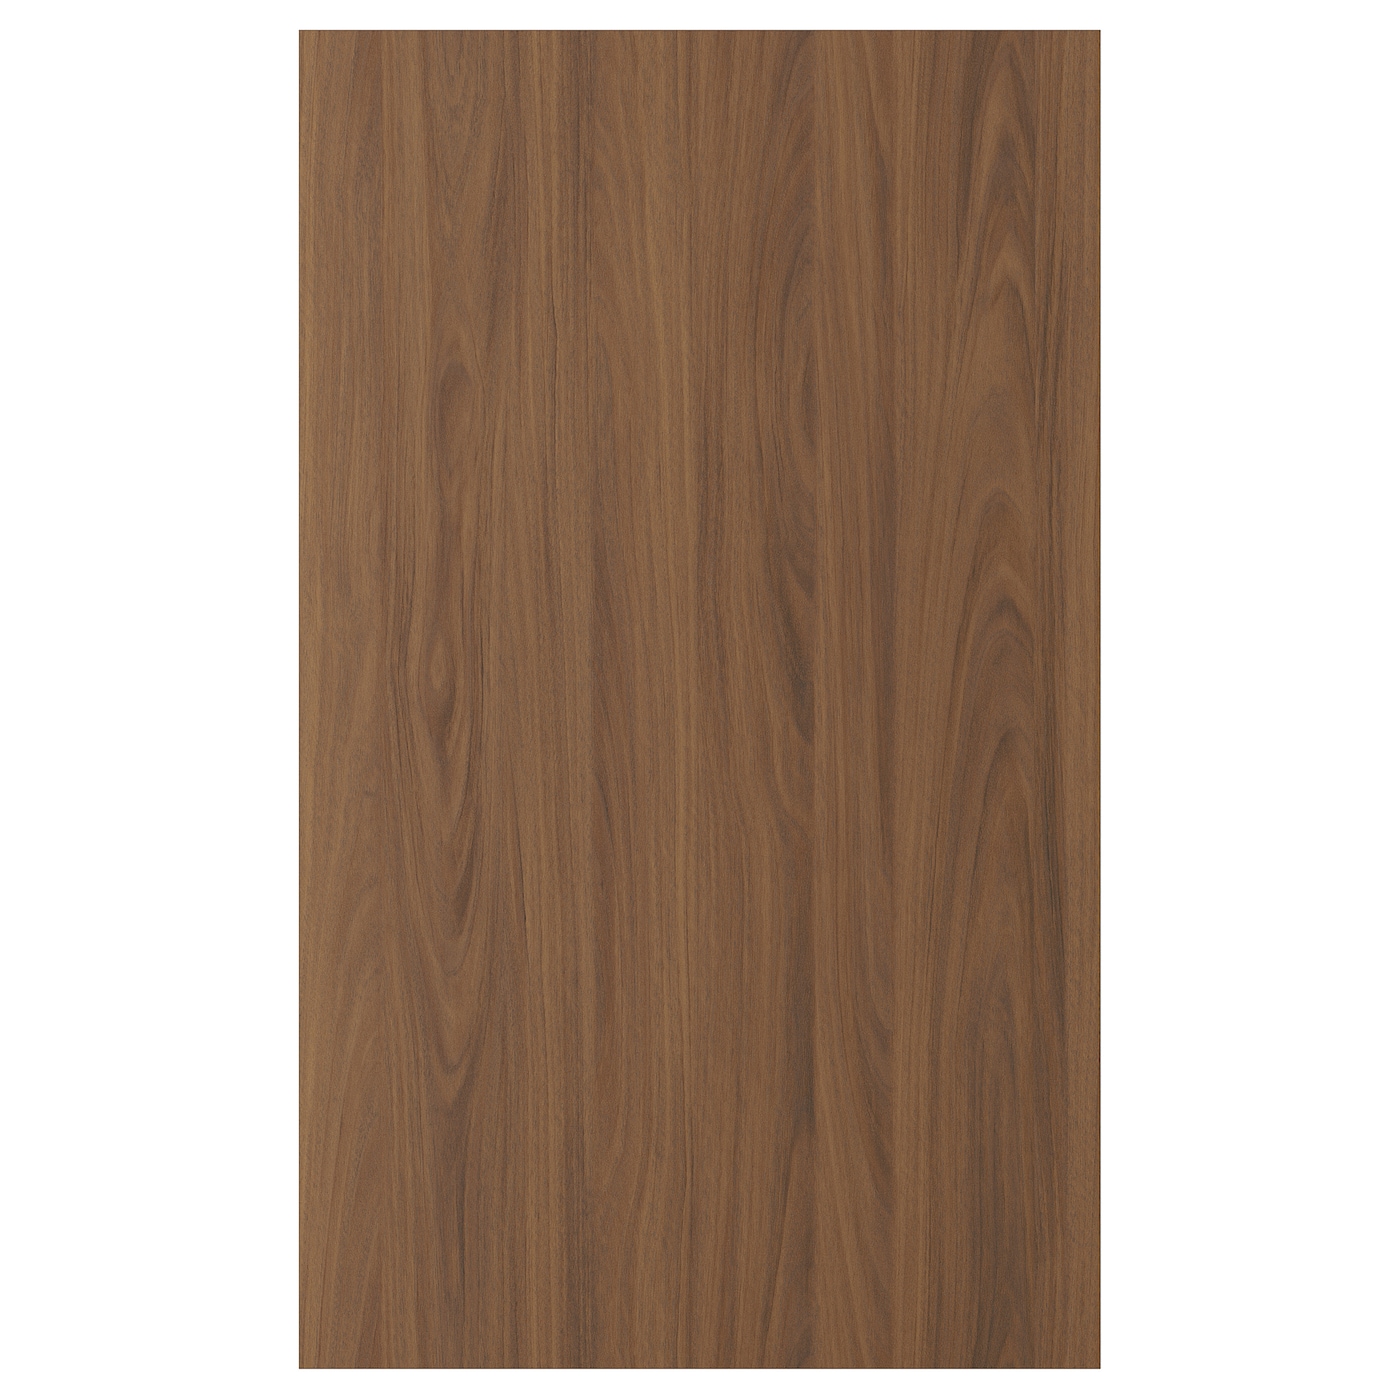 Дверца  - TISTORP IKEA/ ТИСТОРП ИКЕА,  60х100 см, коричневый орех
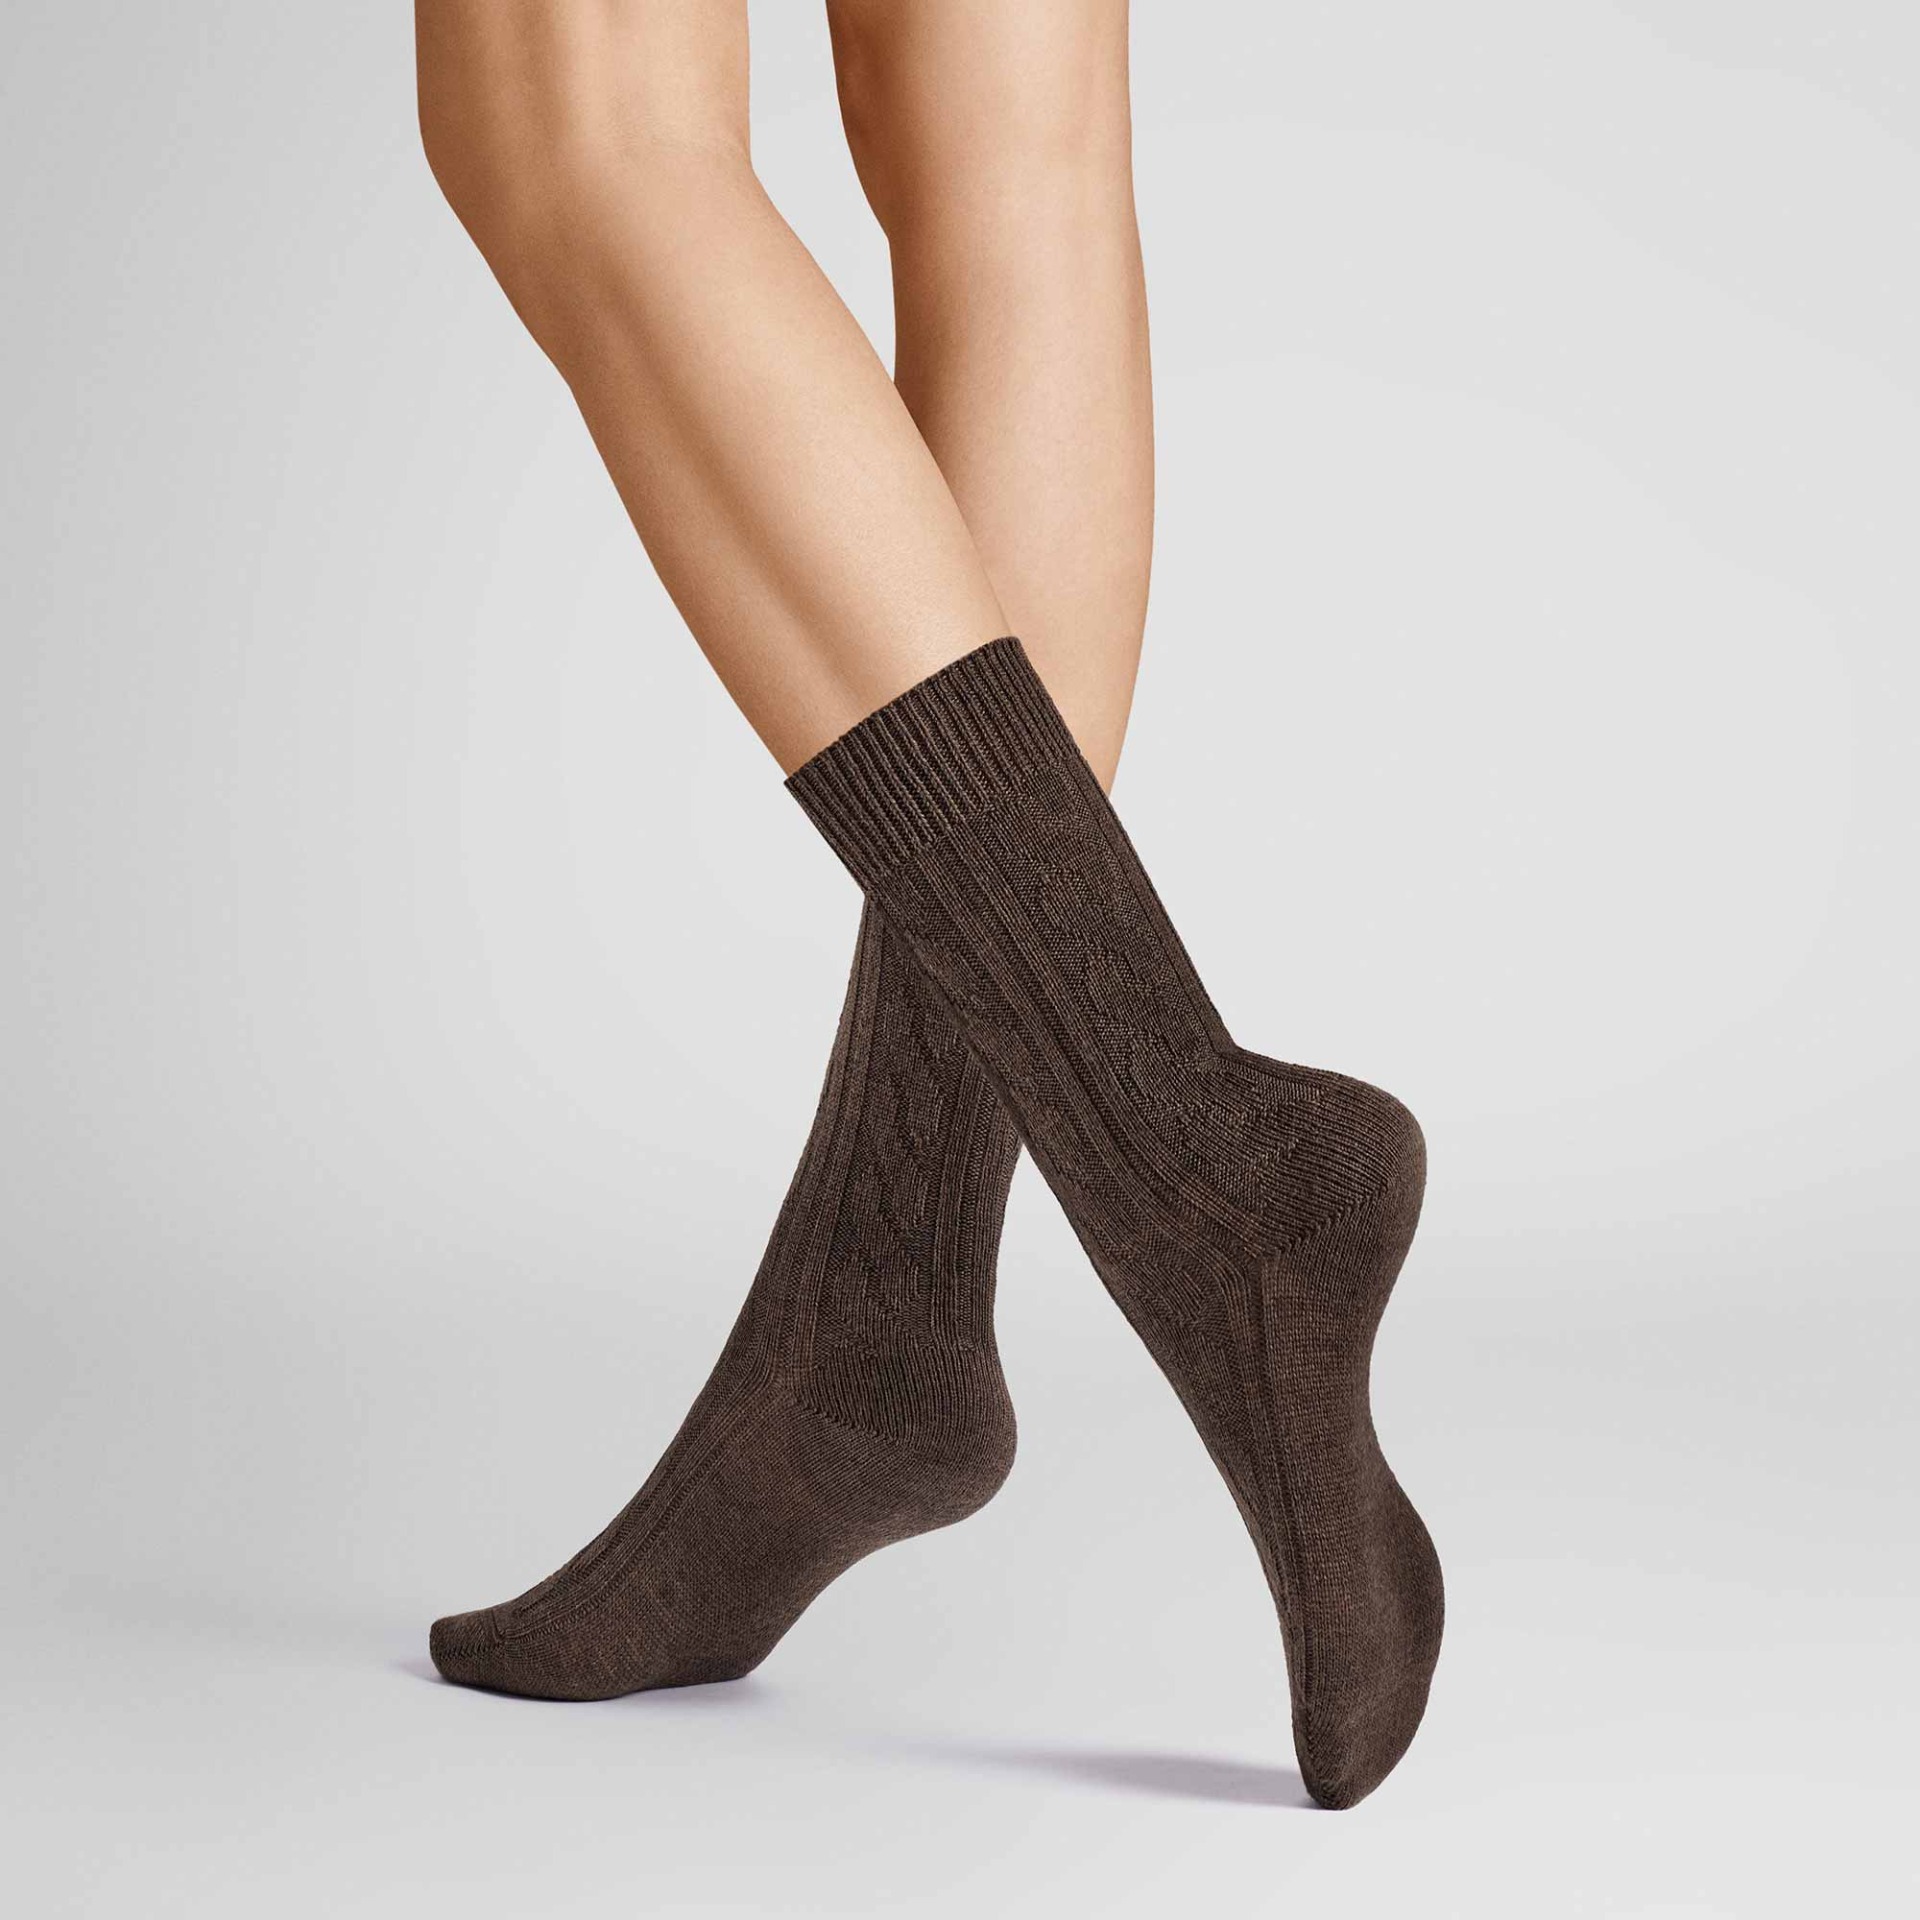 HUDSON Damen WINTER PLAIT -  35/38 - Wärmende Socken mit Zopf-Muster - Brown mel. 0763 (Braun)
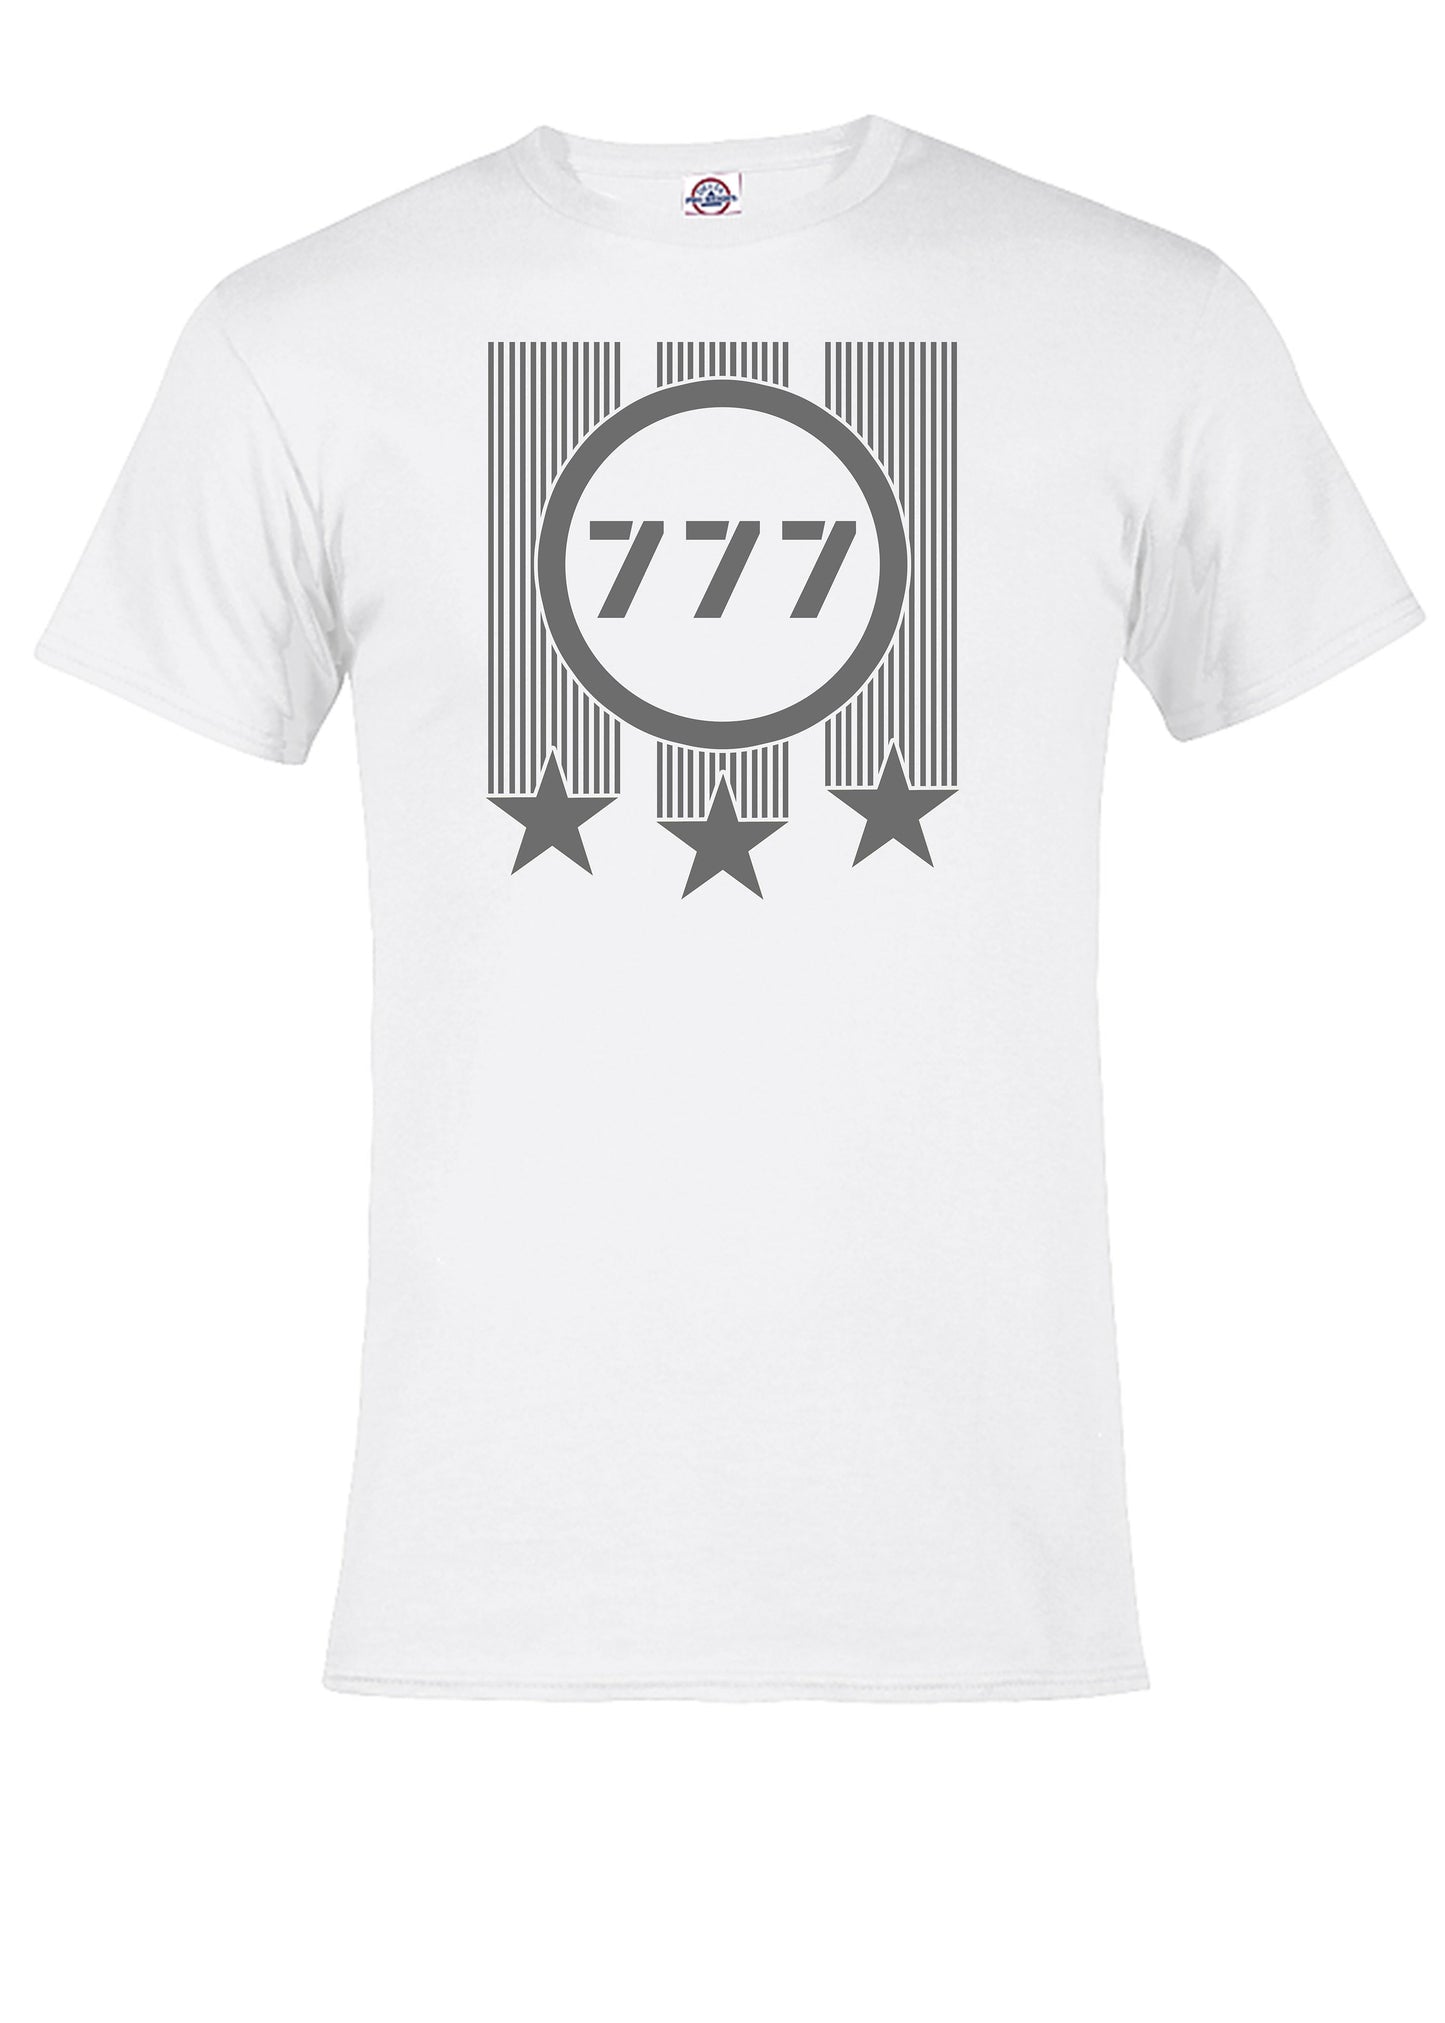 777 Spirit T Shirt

Work required: Word for word, return the material above; the pictures stay out.

Response box:
 Дверца  - TISTORP IKEA/ ТИСТОРП ИКЕА,  60х100 см, коричневый орех
 HUDSON Damen WINTER PLAIT -  35/38 - Wärmende Socken mit Zopf-Muster - Brown mel. 0763 (Braun)
 777 Spirit T Shirt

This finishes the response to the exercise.